In [78], a multi-antenna UT conveys extra bits to the RIS controller via a CL while sending data symbols to the BS via the UT-RIS channel during the uplink transmission. The RIS controller uses such extra bits to apply an over-the-air beamforming technique to improve the transmission. This relies on the prerequisite that there is a CL between the UTs and the RIS. However, maintaining a CL with each active UT can result in a scalability problem since the RIS controller may need to support simultaneous connections with many UTs. This is another suitable application for the proposed semi-blind HRIS processing since control signals can be embedded directly into the data and sent over the UT-RIS link, thereby reducing or eliminating the dependency on multiple CLs between the HRIS and the UTs. More specifically, the transmitted signals may contain a payload containing both data and control symbols, i.e., the symbol matrix \({\mathbf{X}}\) can be partitioned into \({\mathbf{X}} = [{\mathbf{X}}_c, {\mathbf{X}}_d]\), where \({\mathbf{X}}_c\) contains control symbols to fulfill the mentioned purpose. In contrast, \({\mathbf{X}}_d\) contains data symbols. This way, our semi-blind approach eliminates the need for CLs between UTs and the RIS since \({\mathbf{X}}\) (or part of it) can be found at the HRIS. Otherwise stated, leveraging the information contained in \({\mathbf{X}}_c\) allows the HRIS to decode control signals in a stand-alone fashion directly.

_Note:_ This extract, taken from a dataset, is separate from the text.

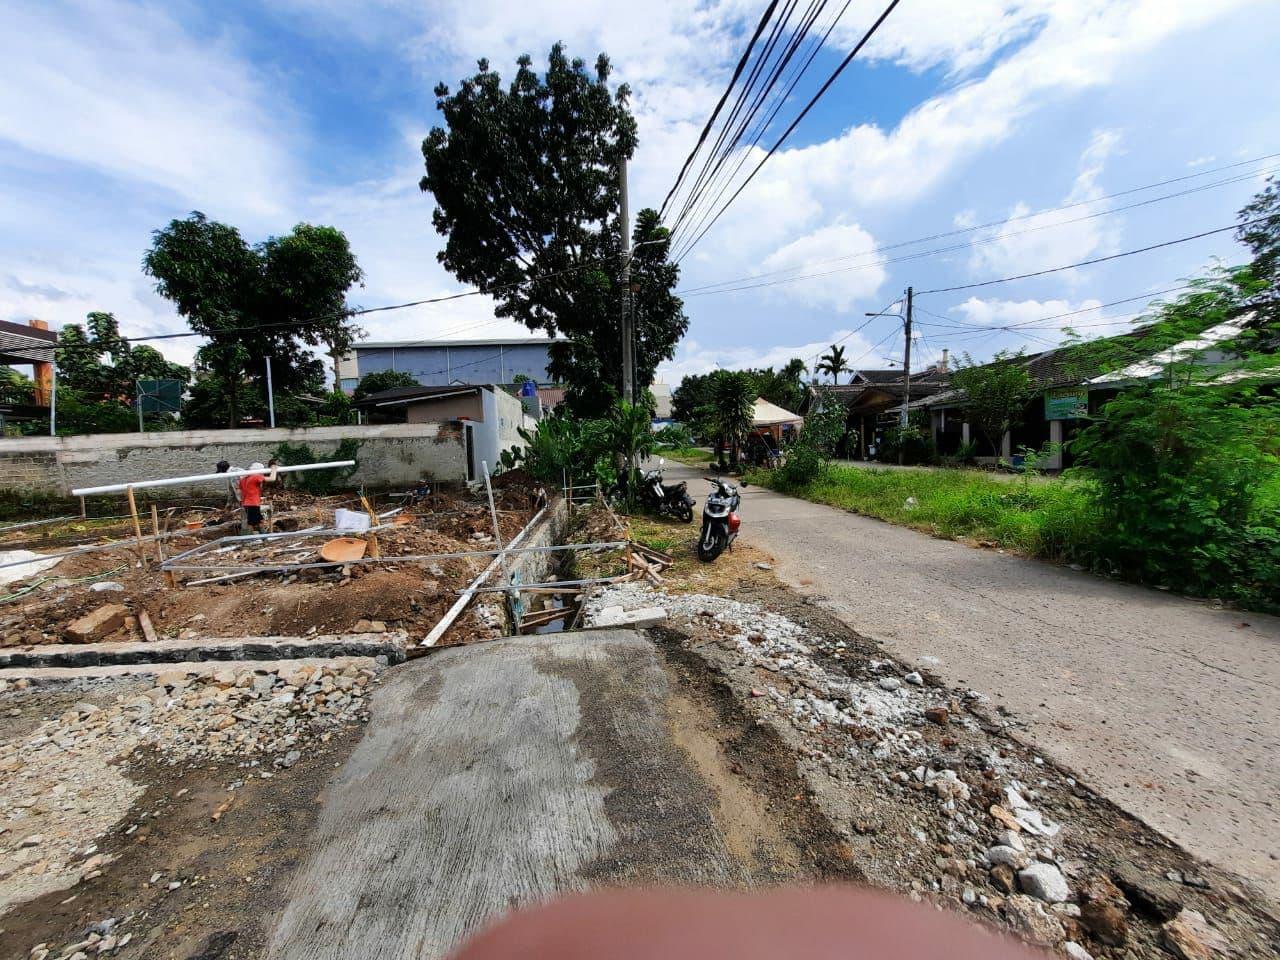 lokasi amanah garden village

Another application that can potentially benefit from a joint symbol and channel estimation at the HRIS is vehicular communications. For instance, consider a scenario with multiple roadside RISs placed to serve high-mobility vehicles, as shown in [79]. In [79], assuming that the RIS-BS channel is static, the time-varying UT-RIS channel can be estimated/predicted at the RIS in a decentralized manner, i.e., without the assistance of the BS, minimizing the usage of the CL and avoiding feedback delays and outdated beamforming optimization as a consequence of high UT’s mobility. To this, the RIS controller transmits the pilots by the UT (vehicle) to the BS during the uplink transmission protocol. Bringing this problem to our proposed semi-blind approach, we foresee new use cases allowing UTs to directly share valuable information with their serving HRIS (and the adjacent ones) by embedding control data such as position, speed, and handover commands into the symbol matrix, which can be decoded at each HRIS and exchanged between in a decentralized way without requiring feedback with their serving BSs. For example, such control data can include speed/position [80], following a similar perspective to that used in active road safety [81] applications in vehicular networking.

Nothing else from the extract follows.